Their cases involved incidents in Washington, D.C.; Long Island and Manhattan, New York; Nashville, Tennessee; and Detroit, Michigan. Lauren Handy, director of activism and mutual aid for the nonprofit Progressive Anti-Abortion Uprising, is one of those pardoned. She was serving a five-year sentence when released. Senator Josh Hawley (R-Mo.) addressed her story before his colleagues shortly after her arrest:

She’s 31 years old, from Alexandria, Virginia. Lauren was one of two individuals who in 2022 discovered a box of 115 fetal remains here in Washington, D.C. — 115 pieces of remains of aborted babies, a number of them late-term abortions not permitted to happen under federal law. Babies who had come to term and had been killed, and whose remains had been put into boxes and discarded like so much common trash. They came to be known as the “DC Five.” Lauren helped discover them.

Lauren also dedicated her life at even her young age to serving mothers in — to helping those who had no hope. And what was she given in return? In August of 2023, she was prosecuted under the so-called FACE Act. She was sentenced to 57 months in federal prison — 57 months, the longest prison sentence of anyone under this federal statute ever.

President Bill Clinton signed the FACE Act into law in 1994, making it a federal crime to block access to abortion mills and churches.

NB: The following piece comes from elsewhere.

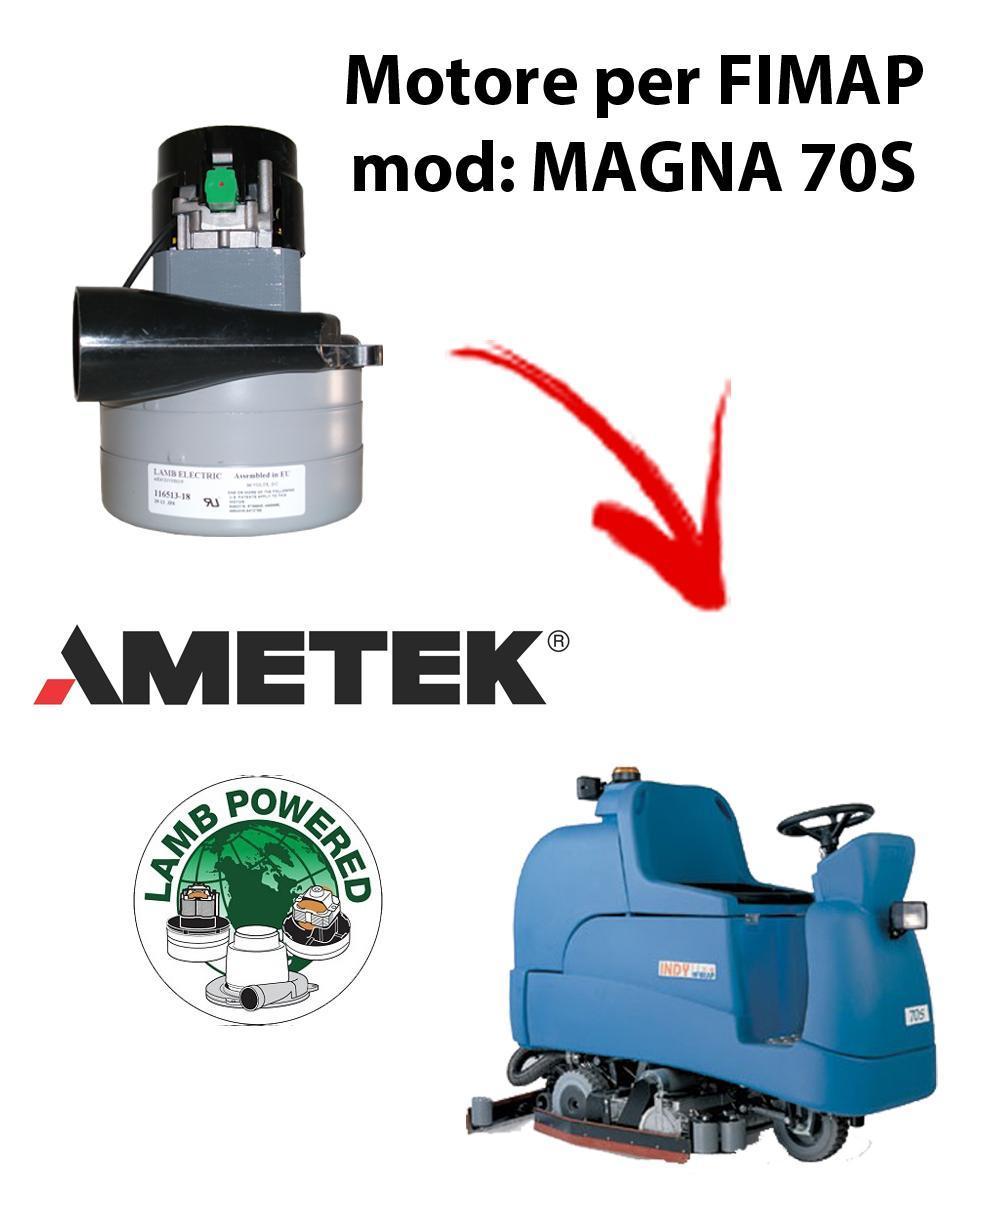 MAGNA 70S MOTEUR ASPIRATION AMETEK pour autolaveuses Fimap

Never has it been enforced for the latter; rather, it targets only pro-life activists — even those engaged in peaceful protests. Violators face civil and criminal penalties, including fines and imprisonment. The law also allows affected individuals and organizations to seek damages through civil lawsuits.

“I’m grateful to our beloved president for living up to his pro-life position and standing up for his pro-life supporters,” Operation Rescue founder Randall Terry told The New American. He continued:

Whether we are talking about Holocaust survivor Eva Edl or Joan Andrews Bell, a 75-year-old grandmother; Bevelyn Beatty Williams, a young mother of three small children; … Lauren Handy, who discovered the ‘Five’; [or any other] of my pro-life compatriots being held, these dear souls are green martyrs (meaning they are still alive but are giving their lives for unborn babies), and are a constant testimony against the brutal murder of innocent children.

Only a First Step

Terry emphasized, however, that their pardons are only a first step. He wants to see the FACE Act “overturned immediately.” (Republicans have already begun that process, with legislation introduced on January 21.) “Those of us in the pro-life movement should get on with the business of making murder a crime,” Terry said.

The pardons come one day before Friday’s annual March for Life in Washington. Trump is schedule to address the crowd in a video.